Option c) exists to create surrogate classification tasks that are 1) visually easy to detect, 2) evenly distributed among classes, and 3) allow for an effective 5x increase in dataset size. This approach is useful if the available dataset is small with infrequent classes. For more details, refer to the "Methodology: Surrogate Tasks" section in the paper.
The second form of image pre-processing is done in the model's dataloader and does not affect the original image files. This pre-processing is definded in Encoder/dataset_preprocessing/ct_vol_preprocessing.py and includes things like image rescaling and normalization.
4 -- Run the SARLE algorithm to generate classification labels from the radiology reports. These classification labels are used to train the encoder. To do this, run SARLE/create_sarle_dataset.py. This script converts all the reports.docx files into one large Excel file, which can then be used by SARLE/main.py to extract the classification labels. The label extraction can be customized by modifying the medical vocabulary in SARLE/abnormality_vocabulary.py and the rules in SARLE/rules.py. For more details, refer to the docstrings in SARLE, the related paper, and the paper that introduced SARLE [1].
5 -- Train an encoder model using Encoder/main.py, Encoder/config.py, the volumetric images, and the classification labels generated by SARLE. Various models are available, and more can be added in Encoder/Model_architectures. Metrics such as binary cross-entropy, classification accuracy, and the precision-recall curve are available.
6 -- Pass all images through a trained encoder model and save the encoded images as .pt files. To do this, set SAVE_ENCODED_IMAGES to True in Encoder/config.py and follow the instructions in Encoder/utils.py.
7 -- Train a decoder model using Decoder/main.py, Decoder/config.py, the encoded images in .pt form, and the radiology reports. Various models are available, and more can be added in Decoder/Model_architectures. Metrics such as binary cross-entropy and next word prediction accuracy are available.

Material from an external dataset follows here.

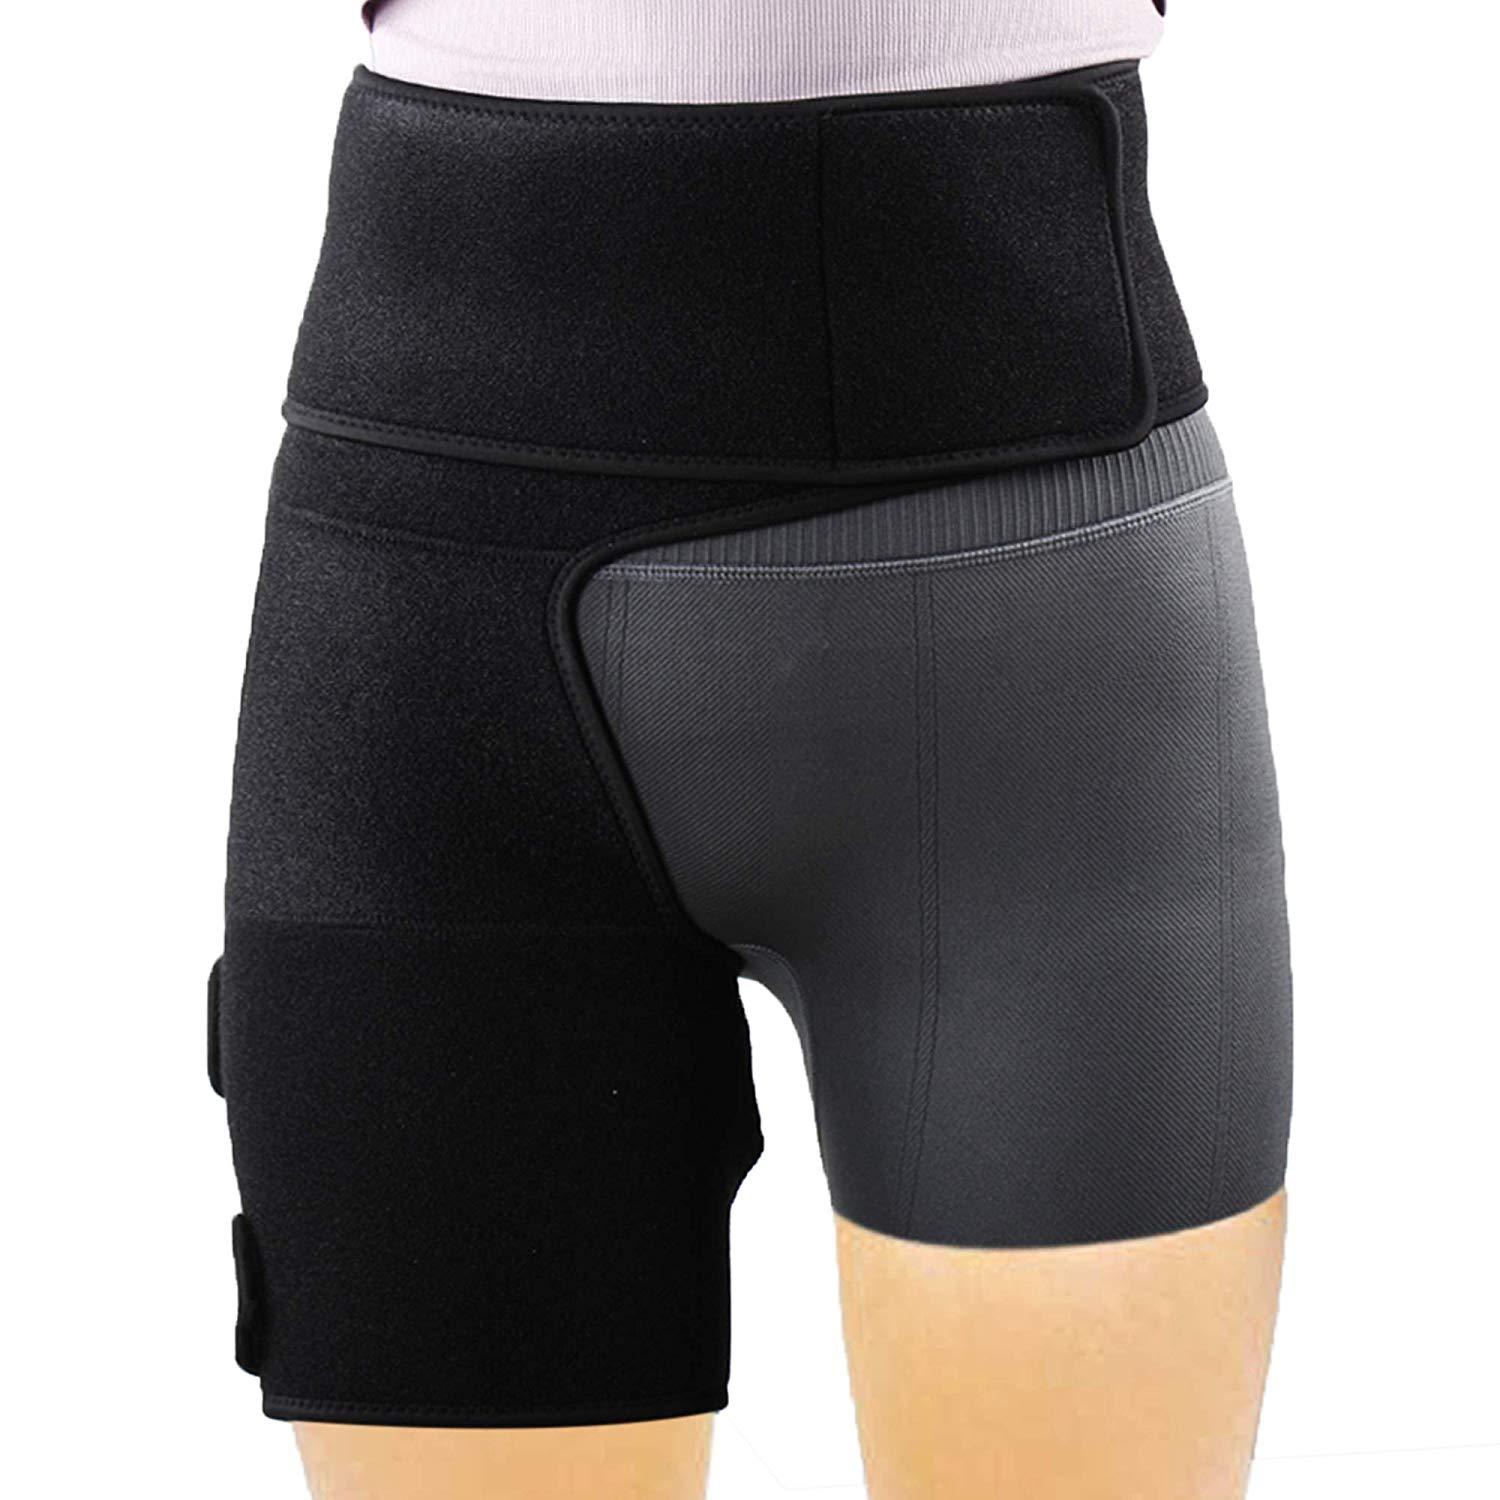 Hip Brace Thigh Hamstring Compression Sleeve Groin Hip Pain Relief

8 -- Autoregressively generate radiology reports using Decoder/autoregressive.py, Decoder/config.py, the encoded images in .pt form, and the radiology reports. Metrics such as next word prediction accuracy and NLP metrics like BLEU, METEOR, and ROUGE are available.

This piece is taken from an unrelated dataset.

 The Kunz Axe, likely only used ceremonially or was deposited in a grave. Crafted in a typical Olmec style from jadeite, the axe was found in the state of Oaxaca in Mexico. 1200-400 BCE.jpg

[1] Draelos, Rachel Lea, David Dov, Maciej A. Mazurowski, Joseph Y. Lo, Ricardo Henao, Geoffrey D. Rubin, and Lawrence Carin. "Machine-learning-based multiple abnormality prediction with large-scale chest computed tomography volumes." Medical Image Analysis 67 (2021): 101857.
[2] Jakob Wasserthal, Hanns-Christian Breit, Manfred T. Meyer, Maurice Pradella, Daniel Hinck, Alexander W. Sauter, Tobias Heye, Daniel T. Boll, Joshy Cyriac, Shan Yang, Michael Bach, and Martin Segeroth. "TotalSegmentator: Robust Segmentation of 104 Anatomic Structures in CT Images". Radiology: Artificial Intelligence 2023 5:5.